====== DATA SHOWN
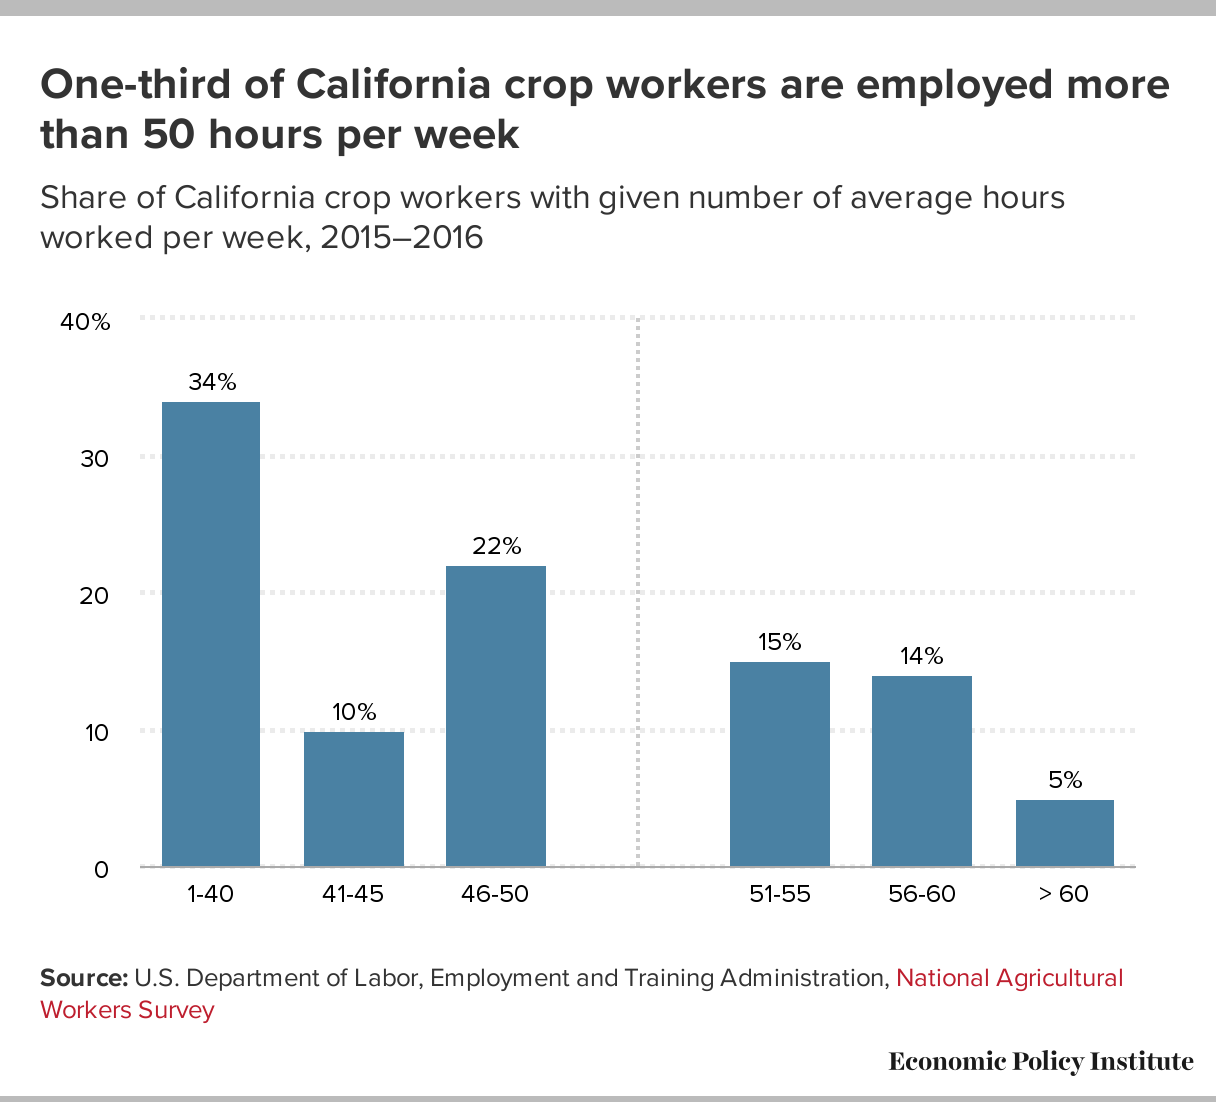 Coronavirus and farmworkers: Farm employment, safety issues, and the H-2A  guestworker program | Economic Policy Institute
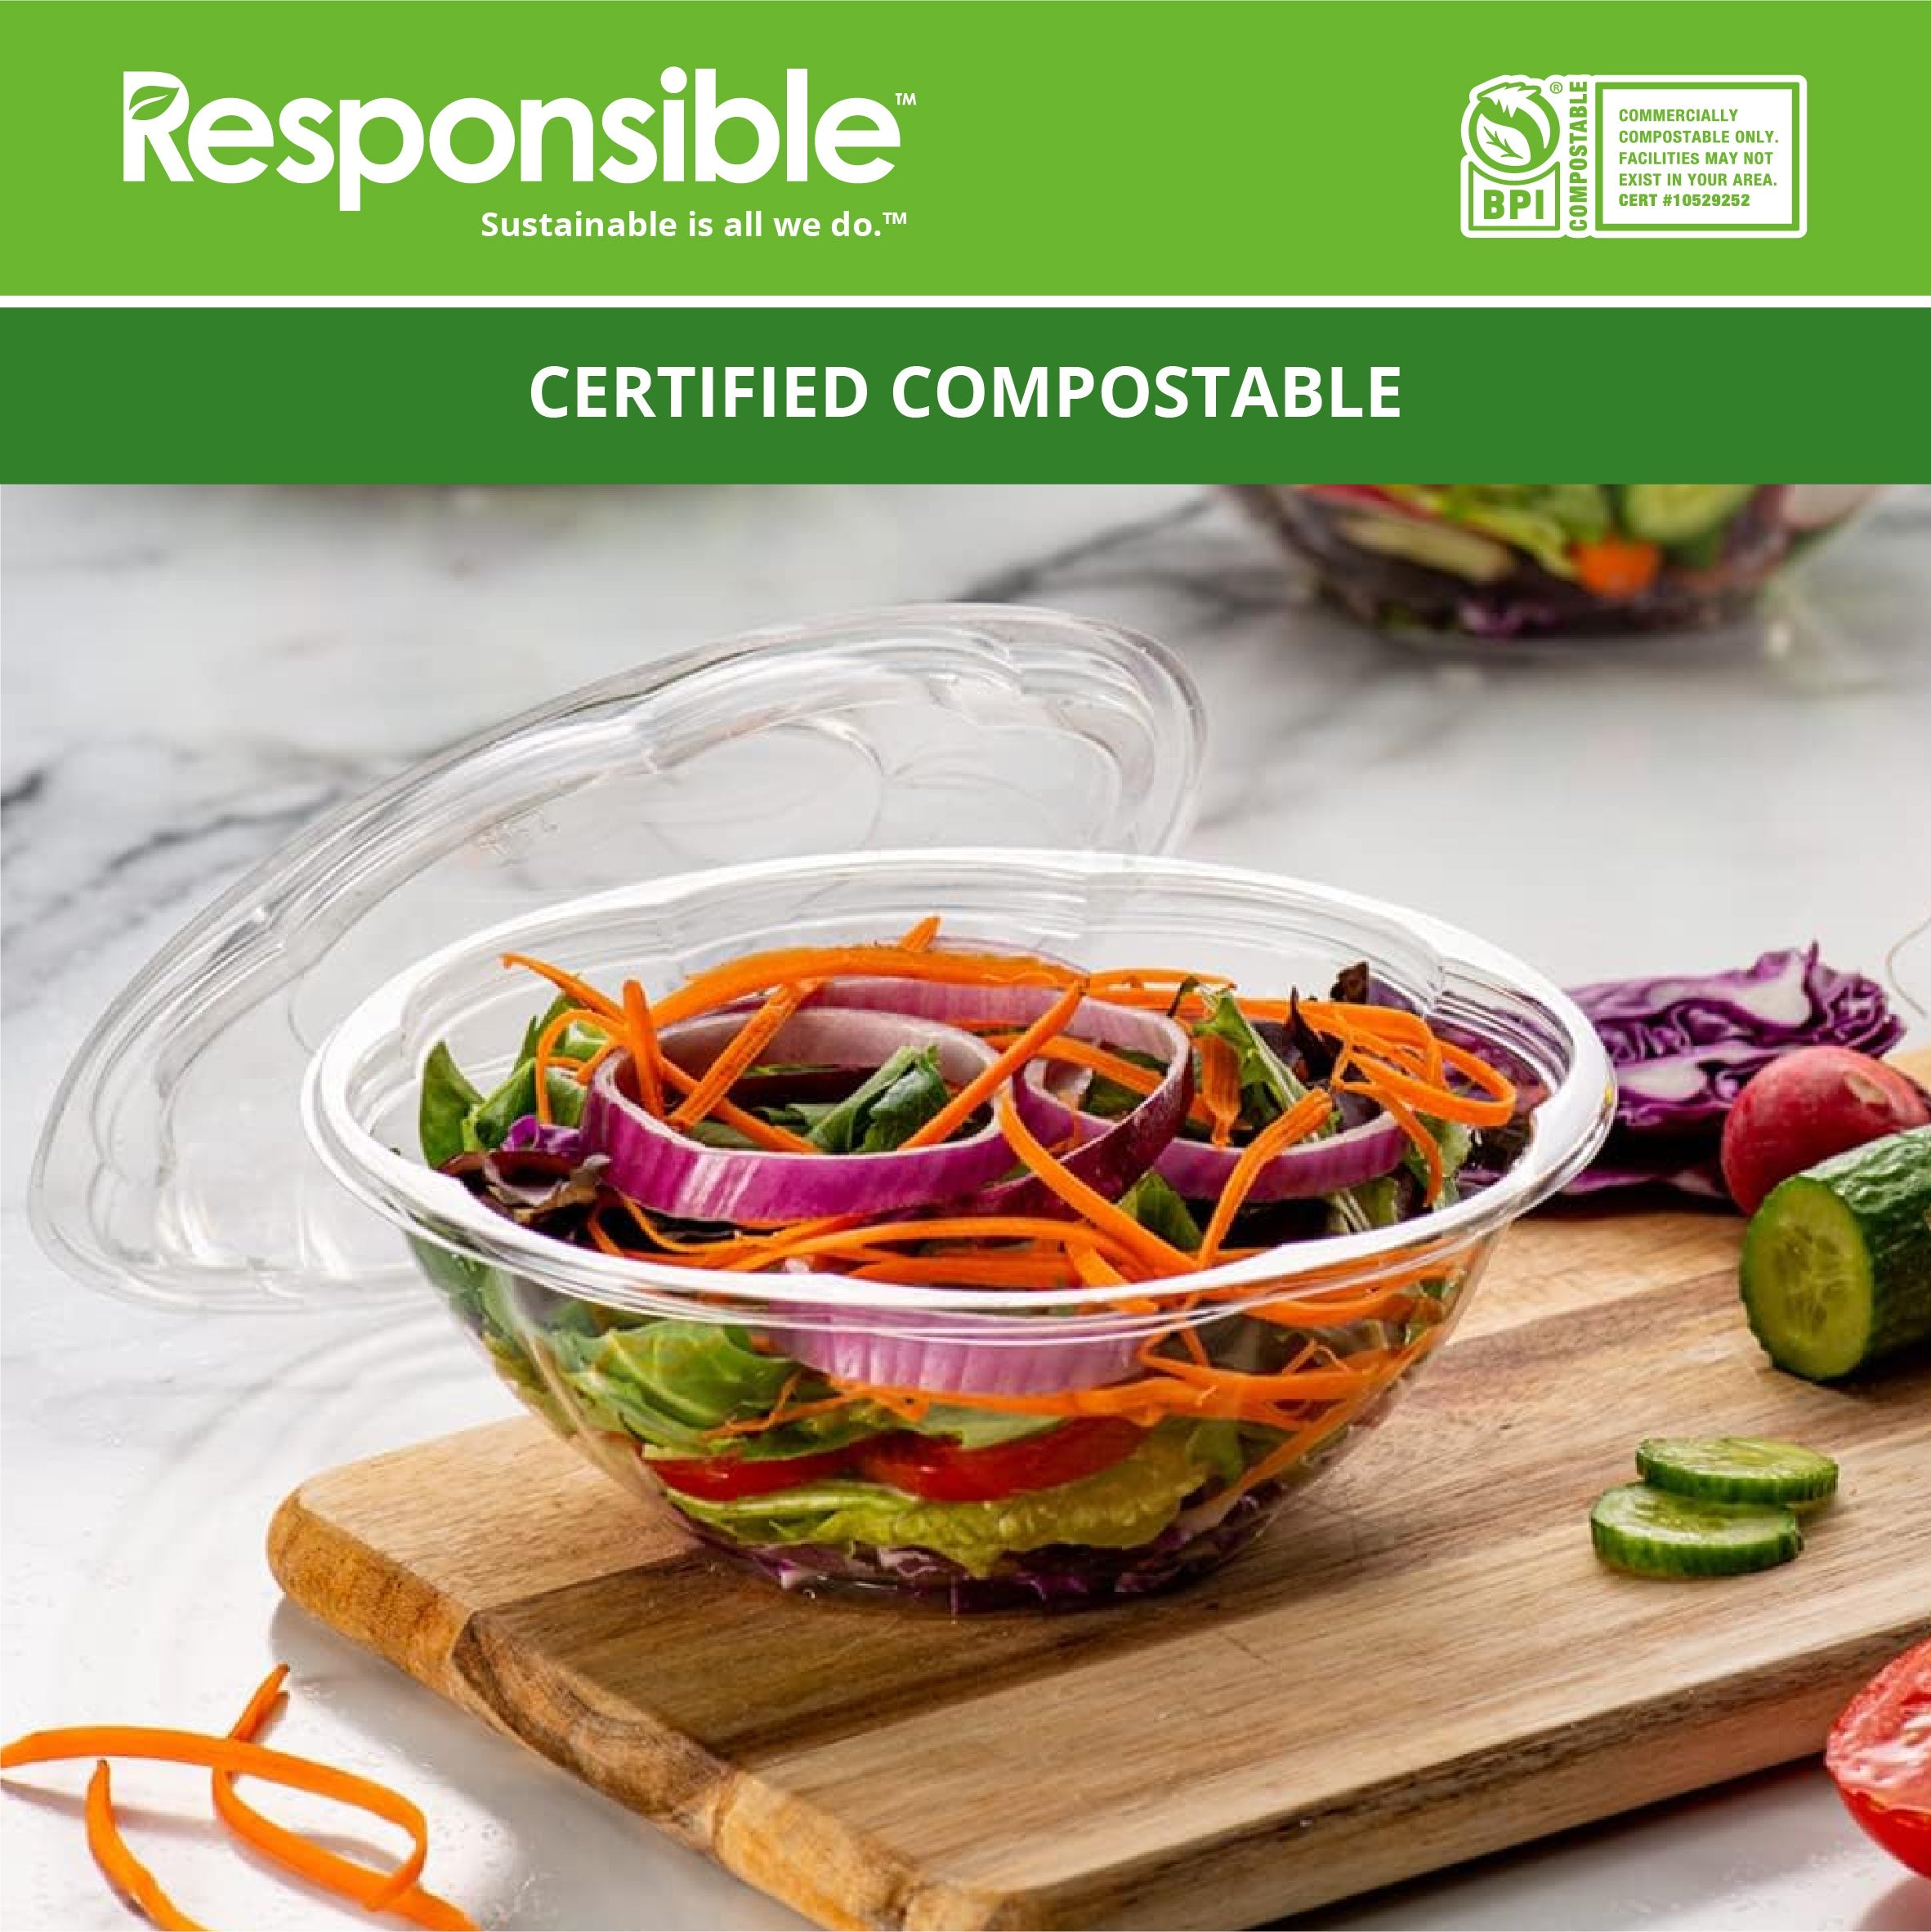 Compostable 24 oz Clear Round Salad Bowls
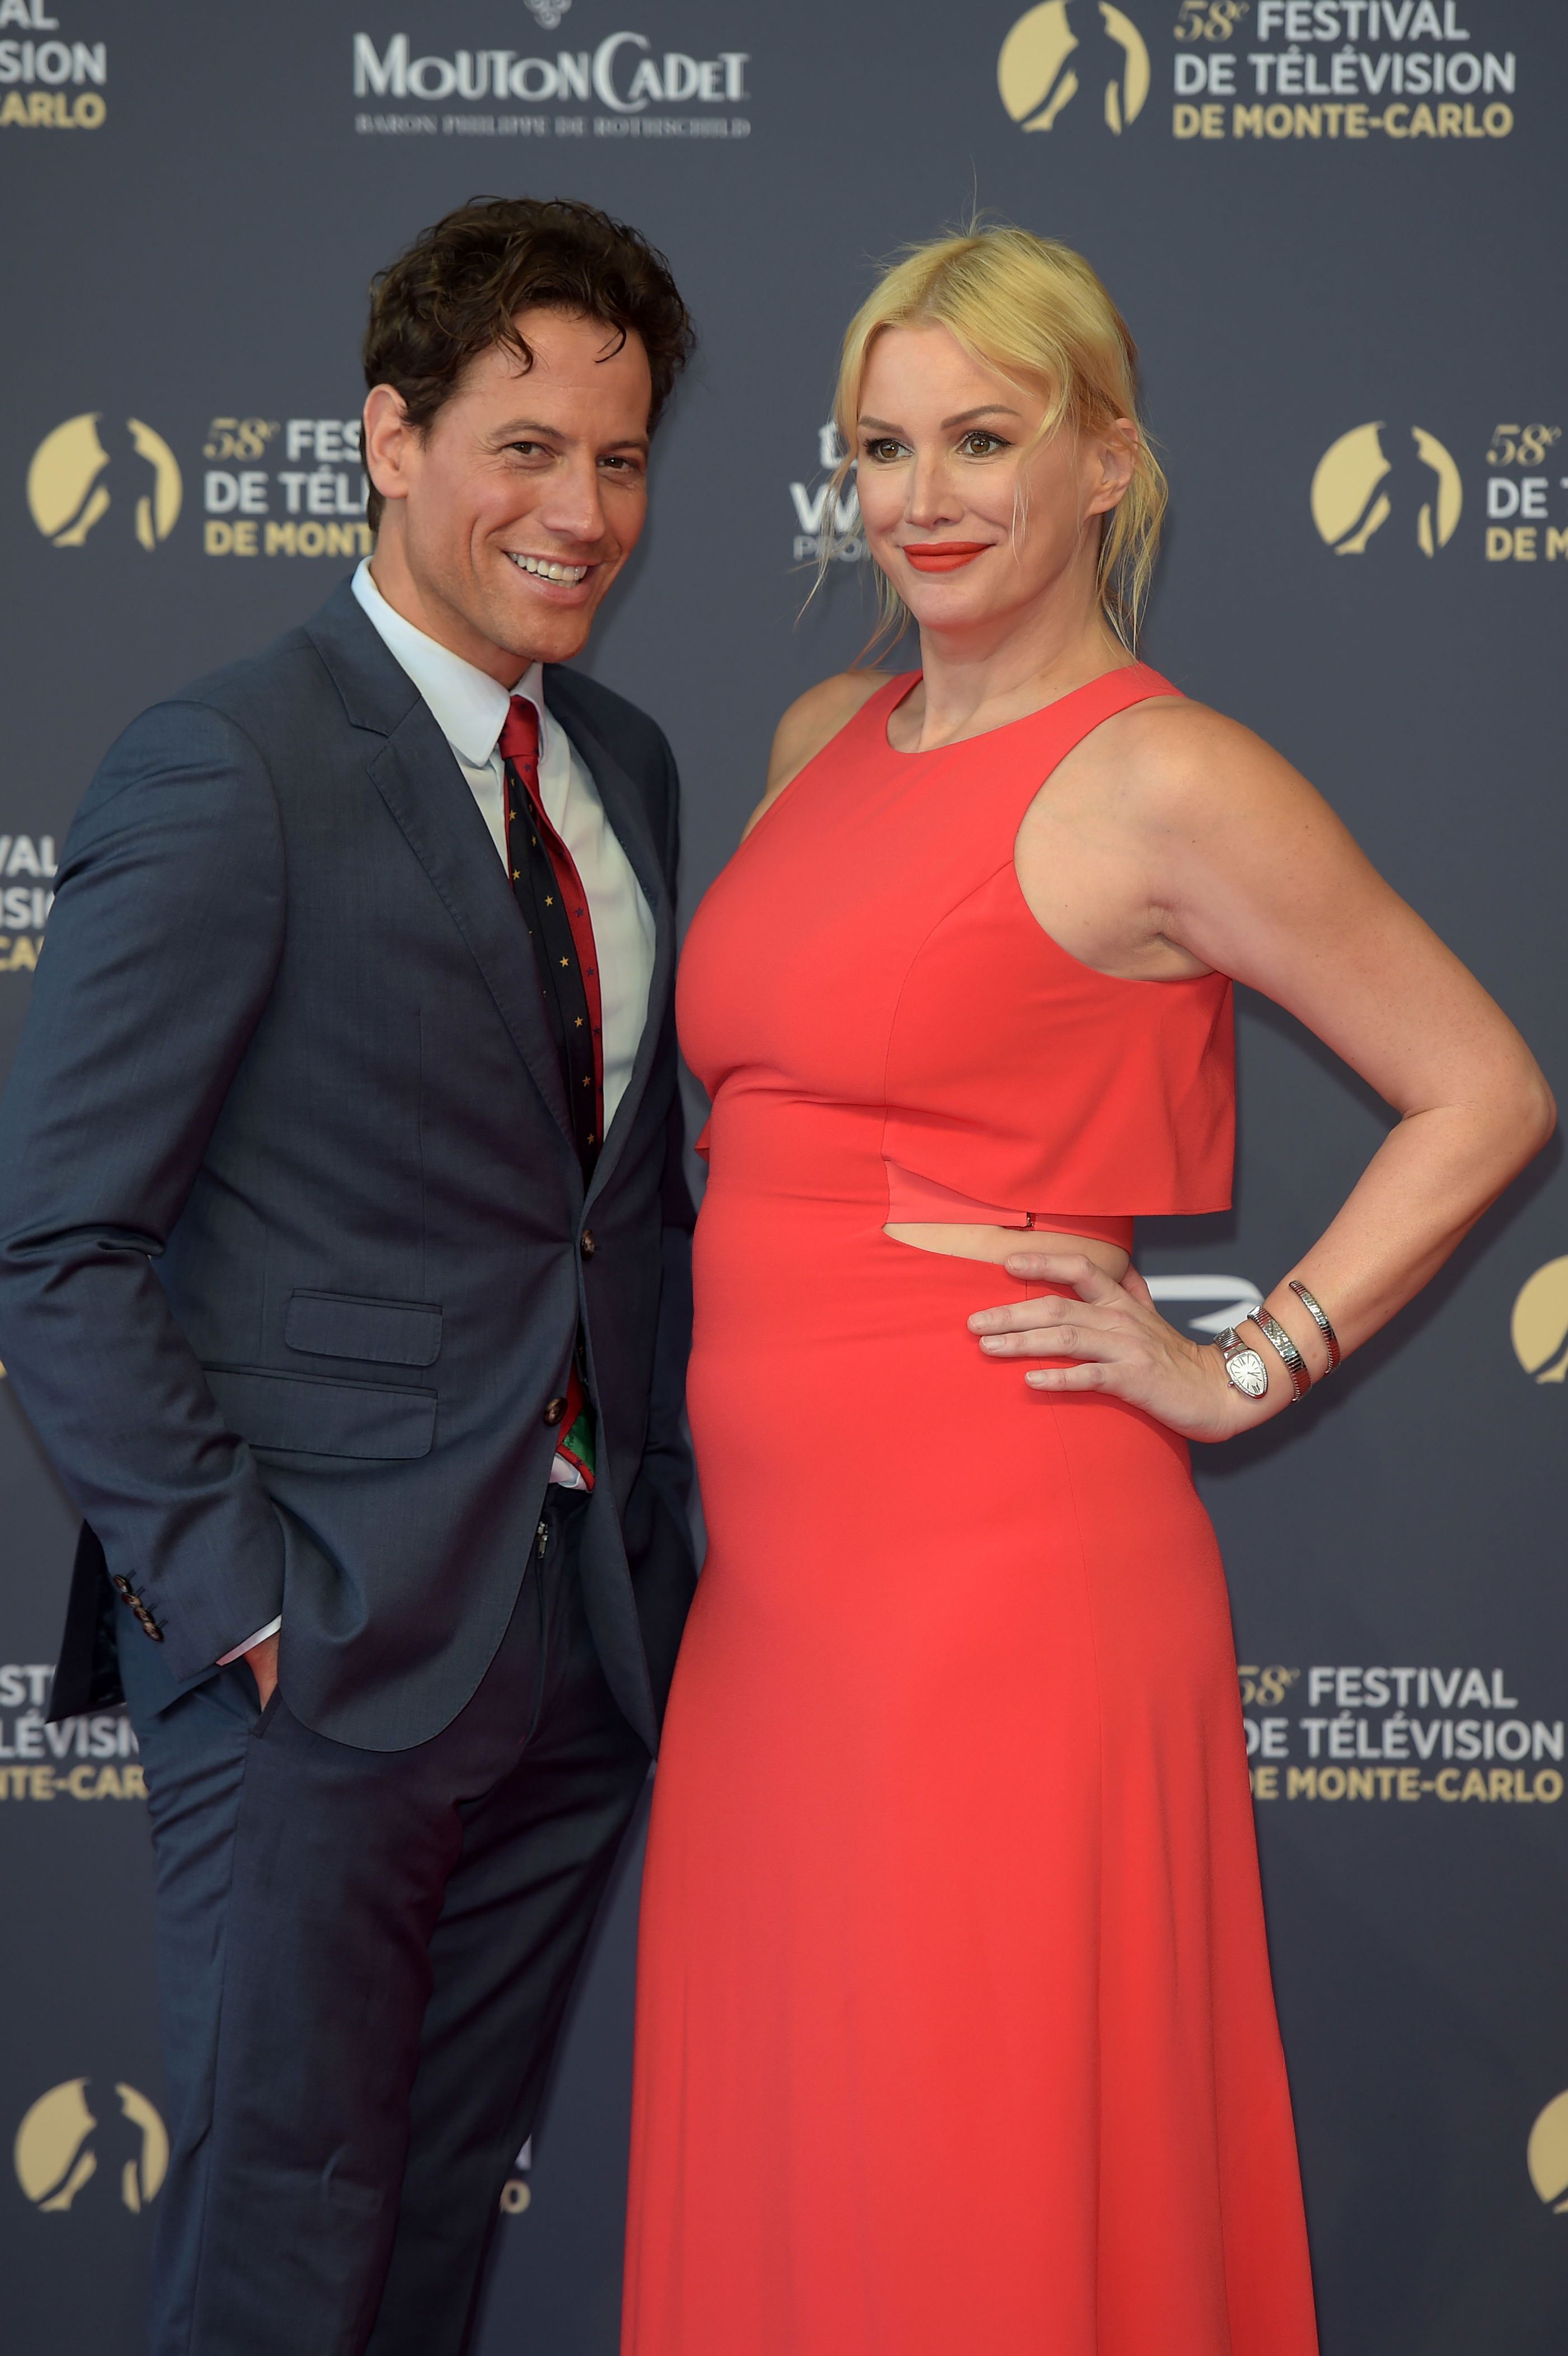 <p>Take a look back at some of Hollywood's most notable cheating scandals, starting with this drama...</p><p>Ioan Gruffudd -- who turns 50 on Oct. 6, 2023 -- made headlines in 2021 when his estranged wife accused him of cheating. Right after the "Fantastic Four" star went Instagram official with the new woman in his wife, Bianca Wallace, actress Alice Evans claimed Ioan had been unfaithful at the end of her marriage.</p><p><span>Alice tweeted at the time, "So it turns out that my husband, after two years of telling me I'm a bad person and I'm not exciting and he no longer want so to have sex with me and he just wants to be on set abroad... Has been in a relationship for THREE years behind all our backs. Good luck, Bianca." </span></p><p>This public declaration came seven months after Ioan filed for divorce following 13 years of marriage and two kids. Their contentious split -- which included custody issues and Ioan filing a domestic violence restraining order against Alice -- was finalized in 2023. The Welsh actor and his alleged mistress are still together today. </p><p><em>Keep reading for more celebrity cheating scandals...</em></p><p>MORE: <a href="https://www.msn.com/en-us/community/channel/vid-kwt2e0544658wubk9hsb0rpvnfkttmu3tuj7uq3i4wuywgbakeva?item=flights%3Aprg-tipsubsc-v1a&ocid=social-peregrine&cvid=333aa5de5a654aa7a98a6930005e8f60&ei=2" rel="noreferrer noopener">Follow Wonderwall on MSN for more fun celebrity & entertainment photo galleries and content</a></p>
============
[WHAT IS NEEDED]
Word for word, restate all of the material above except its pictures.

[ANSWER BOX]
 Coronavirus and farmworkers: Farm employment, safety issues, and the H-2A  guestworker program | Economic Policy Institute
 Compostable 24 oz Clear Round Salad Bowls
 <p>Take a look back at some of Hollywood's most notable cheating scandals, starting with this drama...</p><p>Ioan Gruffudd -- who turns 50 on Oct. 6, 2023 -- made headlines in 2021 when his estranged wife accused him of cheating. Right after the "Fantastic Four" star went Instagram official with the new woman in his wife, Bianca Wallace, actress Alice Evans claimed Ioan had been unfaithful at the end of her marriage.</p><p><span>Alice tweeted at the time, "So it turns out that my husband, after two years of telling me I'm a bad person and I'm not exciting and he no longer want so to have sex with me and he just wants to be on set abroad... Has been in a relationship for THREE years behind all our backs. Good luck, Bianca." </span></p><p>This public declaration came seven months after Ioan filed for divorce following 13 years of marriage and two kids. Their contentious split -- which included custody issues and Ioan filing a domestic violence restraining order against Alice -- was finalized in 2023. The Welsh actor and his alleged mistress are still together today. </p><p><em>Keep reading for more celebrity cheating scandals...</em></p><p>MORE: <a href="https://www.msn.com/en-us/community/channel/vid-kwt2e0544658wubk9hsb0rpvnfkttmu3tuj7uq3i4wuywgbakeva?item=flights%3Aprg-tipsubsc-v1a&ocid=social-peregrine&cvid=333aa5de5a654aa7a98a6930005e8f60&ei=2" rel="noreferrer noopener">Follow Wonderwall on MSN for more fun celebrity & entertainment photo galleries and content</a></p>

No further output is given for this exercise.